RAW DATA =
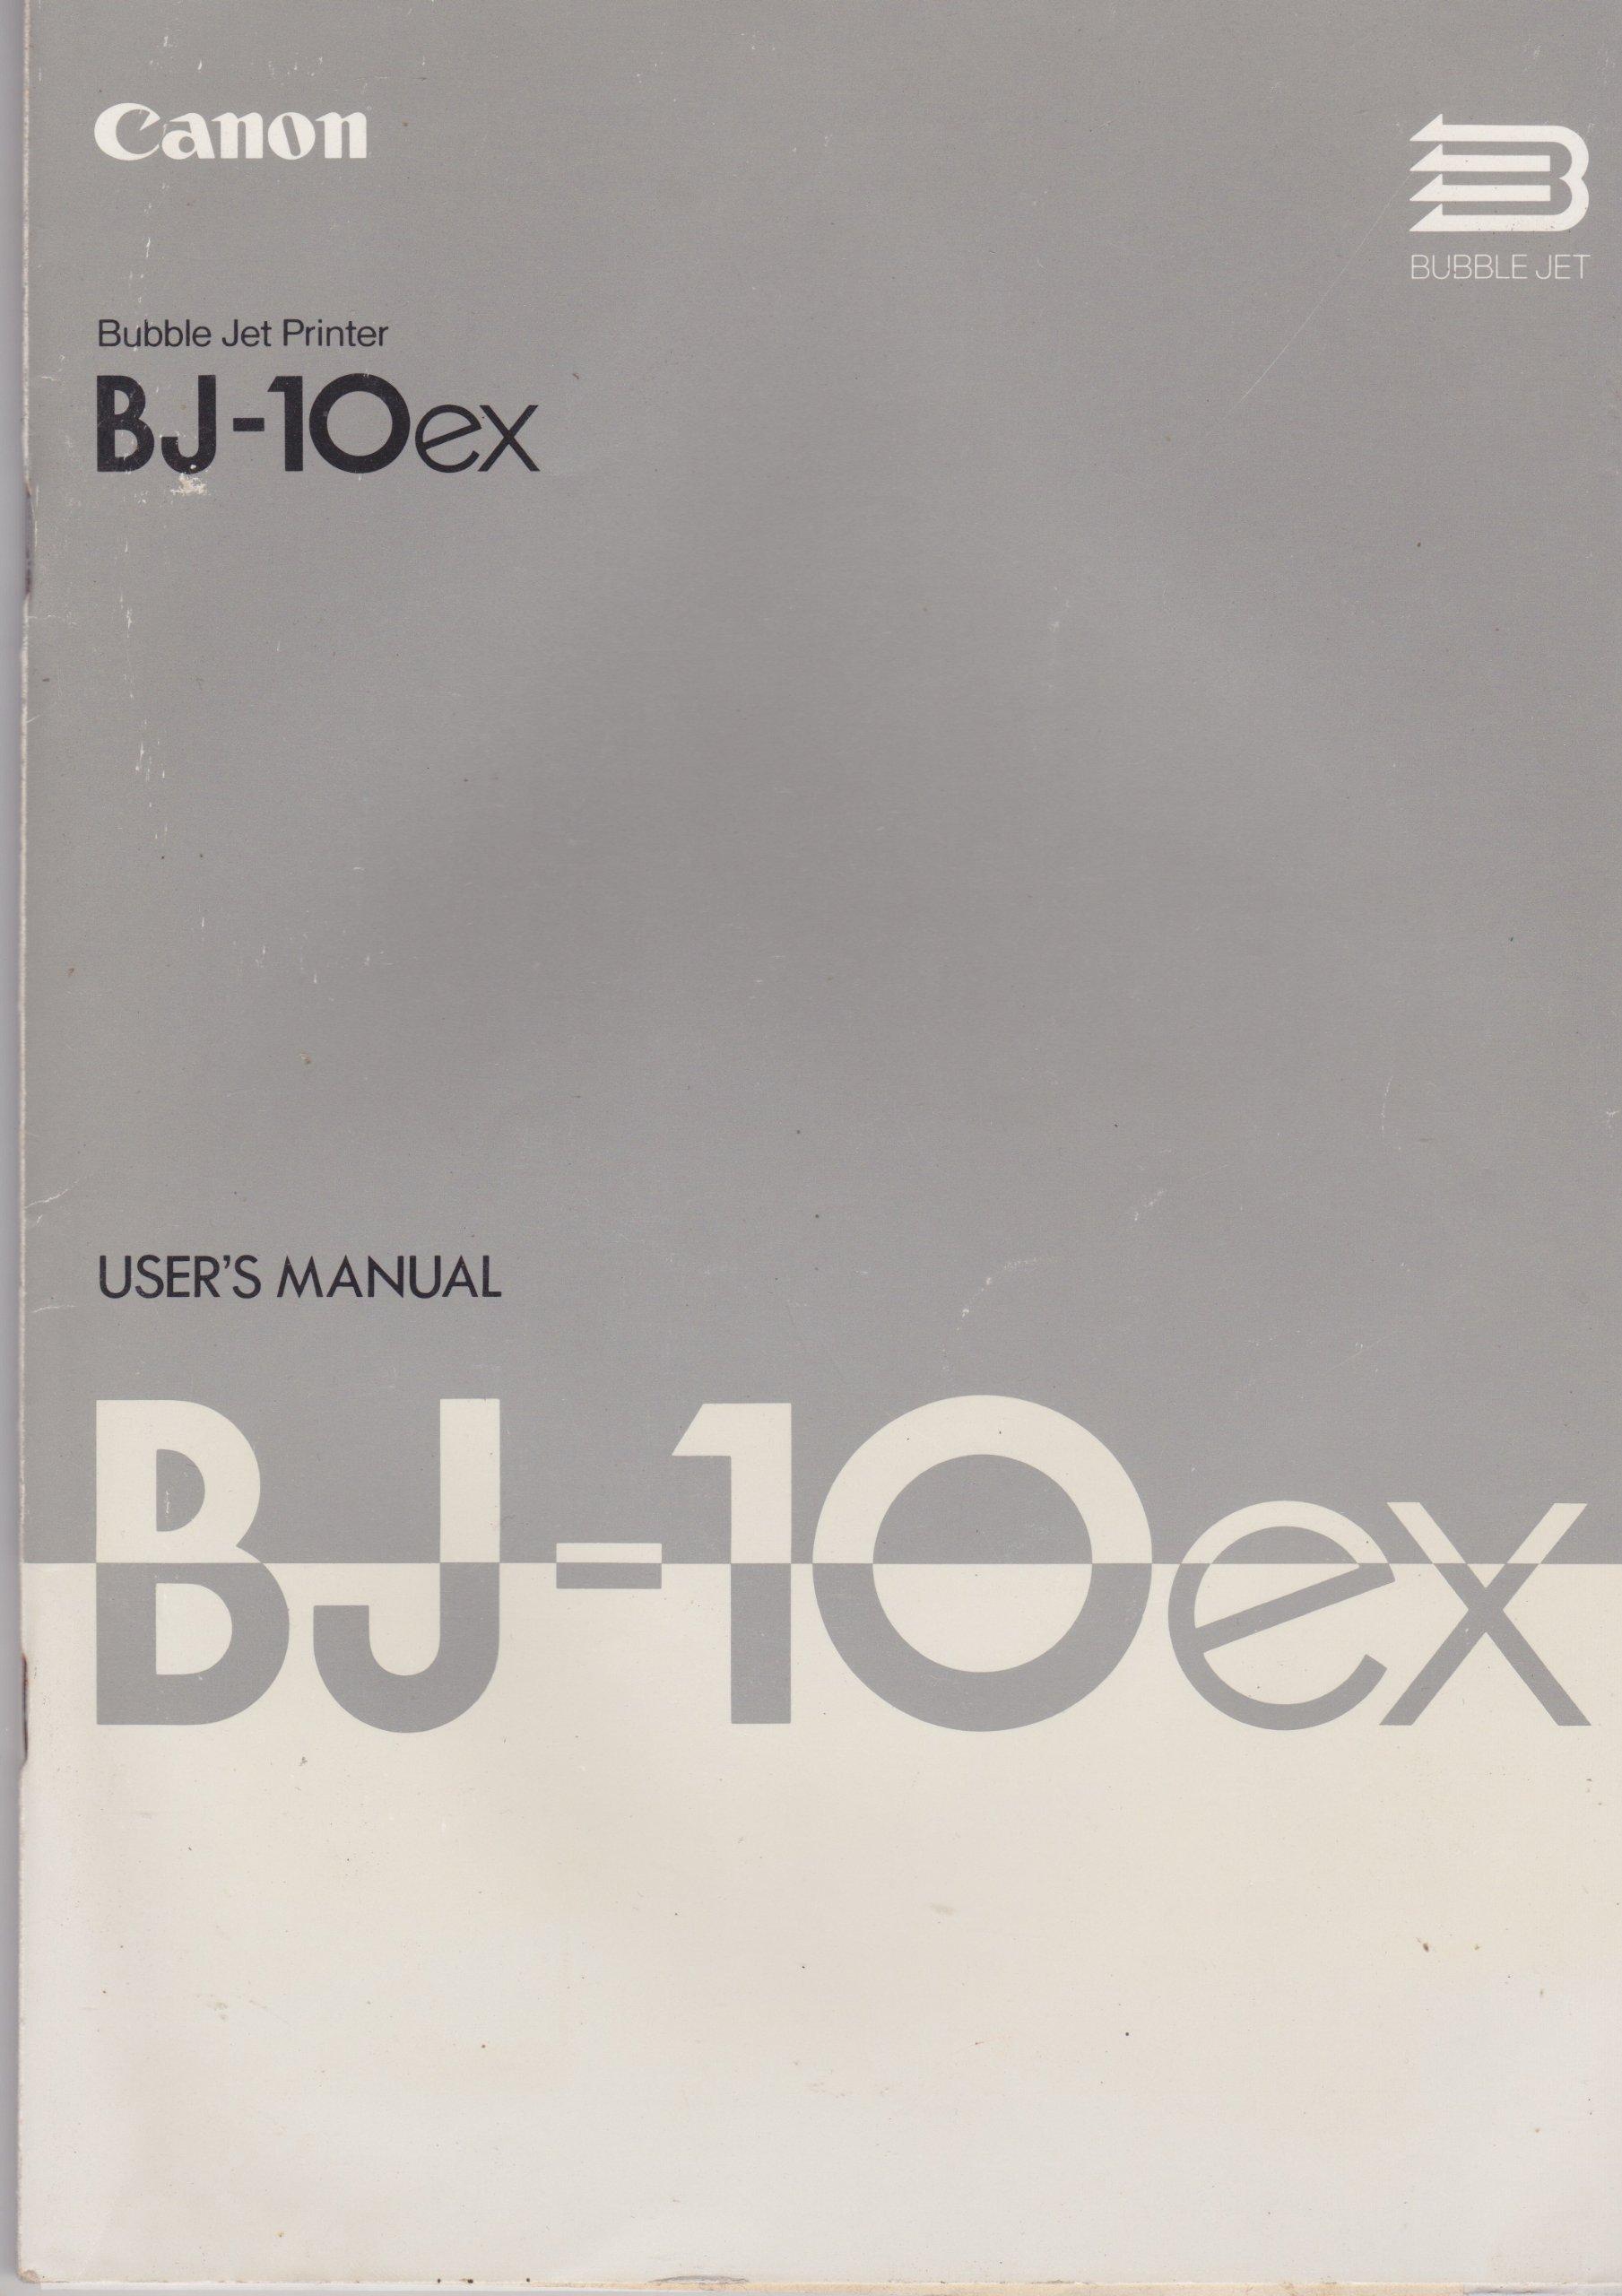 Canon BJ-10ex Bubblejet Printer User's Manual: Amazon.co.uk: Canon: Books
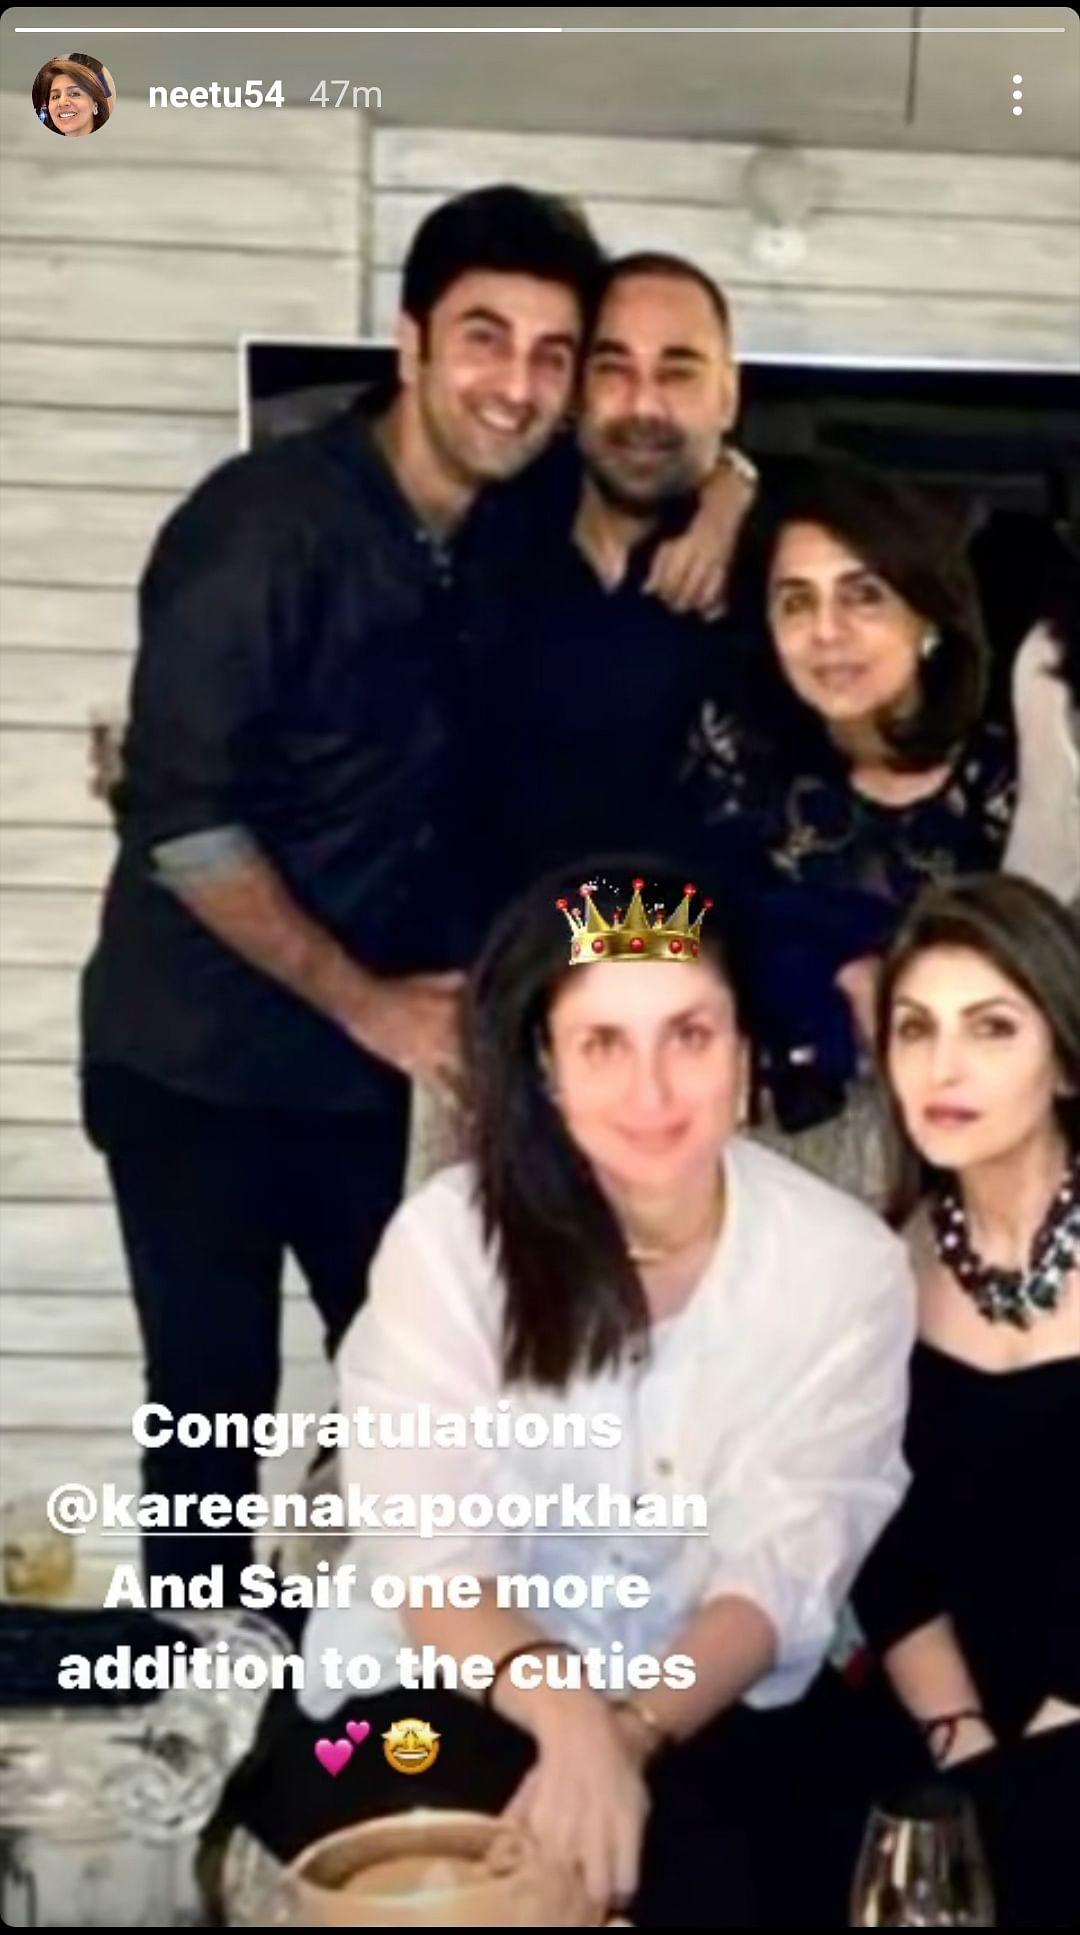 Karisma, Riddhima, Neetu Kapoor Congratulate Saif & Kareena
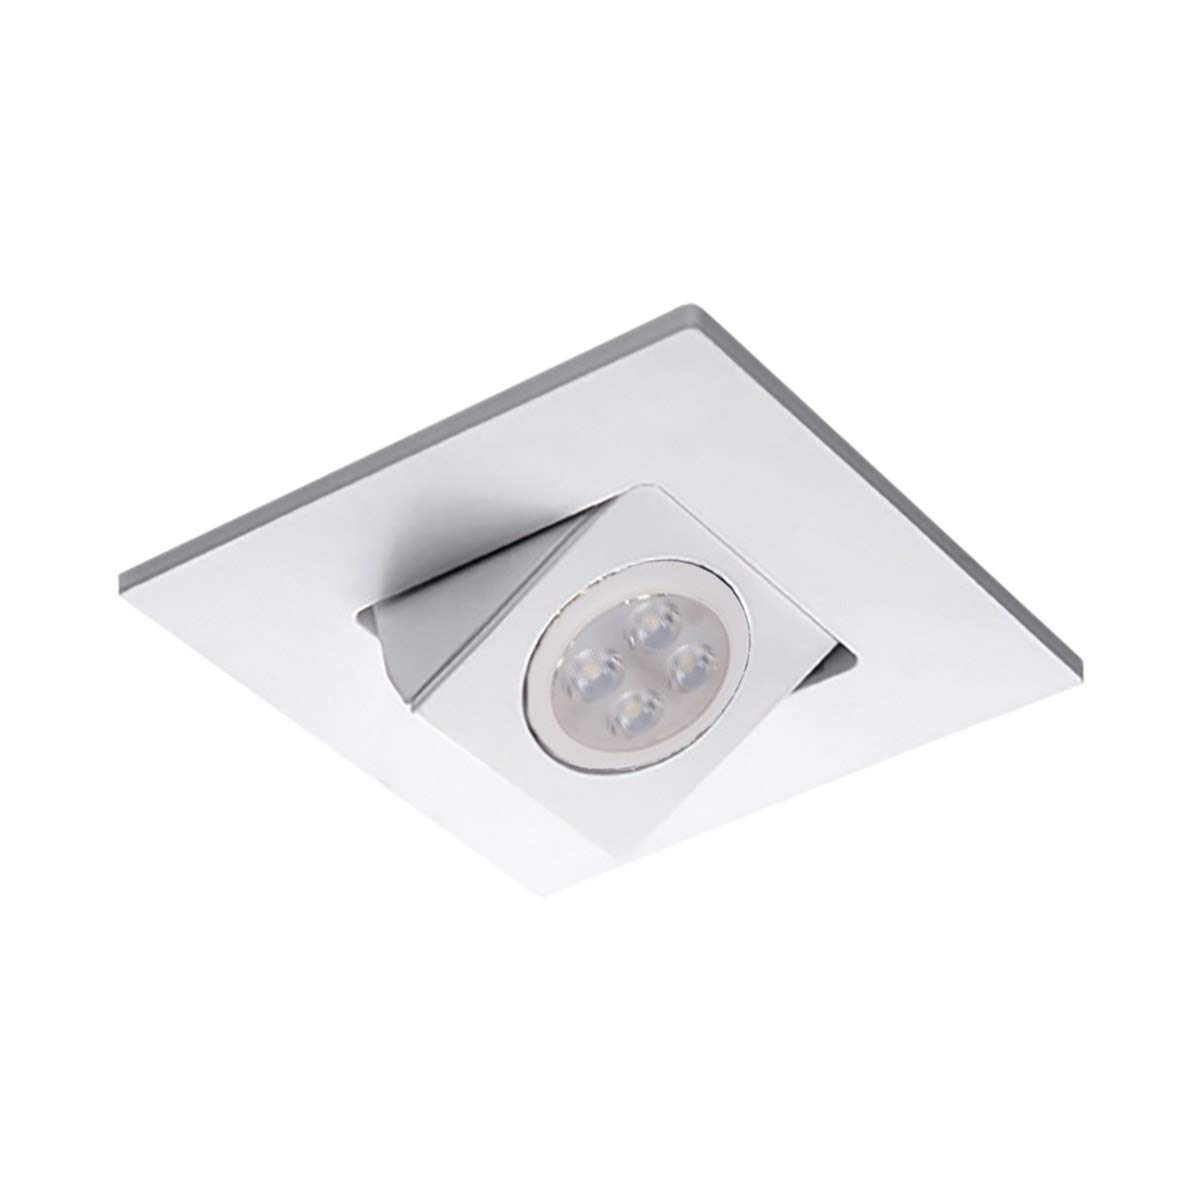 WAC Lighting HR-D416LED-WT 4インチ 正方形 調節可能 方向性 トリム LED 埋め込みライト 4インチ 低電圧   B07N1LVKWT

WORK REQUEST = Restate verbatim the lines that begin at the one holding "Karisma, Riddhima, Neetu" and end at the last line of the material. Exclude pictures.

YOUR SOLUTION =
 Karisma, Riddhima, Neetu Kapoor Congratulate Saif & Kareena
 WAC Lighting HR-D416LED-WT 4インチ 正方形 調節可能 方向性 トリム LED 埋め込みライト 4インチ 低電圧   B07N1LVKWT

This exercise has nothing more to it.